1. A clear statement of the business task
2. A description of all data sources used
3. Documentation of any cleaning or manipulation of data
4. A summary of analysis
5. Supporting visualizations and key findings
6. Top three recommendations based on the analysis


# Scenario
Firstly, lets back you up by the scenario of this project. In this project, I am a junior data analyst working in the marketing analyst team at Cyclistic, a bike-share company in Chicago. The director of marketing believes the company’s future success depends on maximizing the number of annual memberships. Therefore, my team wants to understand how casual riders and annual members use Cyclistic bikes differently. From these insights,
my team will design a new marketing strategy to convert casual riders into annual members. But first, Cyclistic executives must approve your recommendations, so they must be backed up with compelling data insights and professional data visualizations.

# Business Task
From the scenario, lets define our business task (i.e. the goal of this anaysis). We know that the company believes that the income from annual memberships is much better than casual user. Thus, they want to increase the number of annual memberships using our anaysis insights. So we should deliver some insights that describe each types of user behavior and trend. Hence, the question I would ask for this goal is
> What are the charateristics of annual members and casual riders?

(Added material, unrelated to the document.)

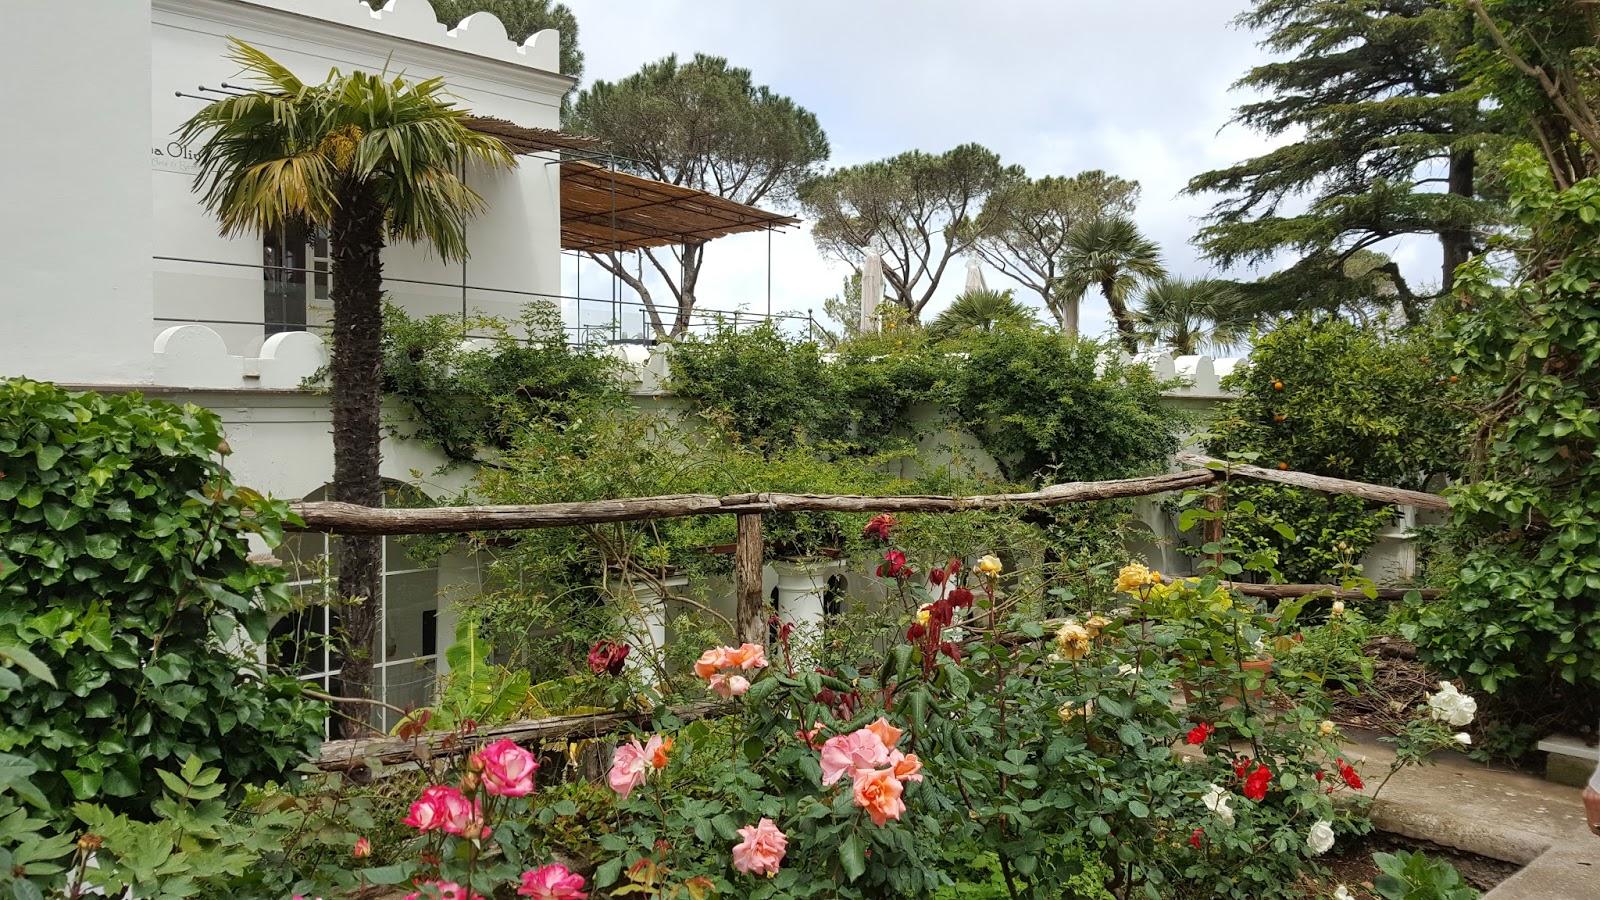 hortibus voyage picards palais et jardins prives de naples. Black Bedroom Furniture Sets. Home Design Ideas

> How to increase the number of annual memberships? 

> Is there any potential to convert casual user to annual memberships user?

# Dataset
I will use Cyclistic’s historical trip data to analyze and identify trends from [the previous 12 months of Cyclistic trip data](http://divvy-tripdata.s3.amazonaws.com/index.html). (Note: The datasets have a different name because Cyclistic is a fictional company. The data has been made available by Motivate International Inc. under this [license](http://ride.divvybikes.com/data-license-agreement).) This is public data that can be use to explore how different customer types are using Cyclistic bikes. But note that data-privacy issues is prohibited from using riders’ personally identifiable information. This means that we won’t be able to connect pass purchases to credit card numbers to determine if casual riders live in the
Cyclistic service area or if they have purchased multiple single passes.

The historical trip data is divided by month, each dataset has 13 columns representing user id, user type, rideable type, start & ending information for timestamp, station name, station id, and station location (latitude & longitude). 

# Prepare
After looked at the dataset, I decided to use the 12 months of historical data from March 2021 to Febuary 2022. I found that the accumulate row of these usage data is over millions, so I decided to use SQL (Google BigQuery) to clean and maniplate initial data. Then, I would use Tableau to represent geological data and R for other visualizations. 

# Processing data
In this section, I will describe the process and code for cleaning this dataset. Note that these SQL code is the example of what I used to clean data and it is not runnable in this notebook.

I started from uploading dataset to Google BigQuery and union each month's data using a code below

Note that some month data sizes are bigger than my BigQuery sandbox limitation, so I had to split my data in Excel before import them.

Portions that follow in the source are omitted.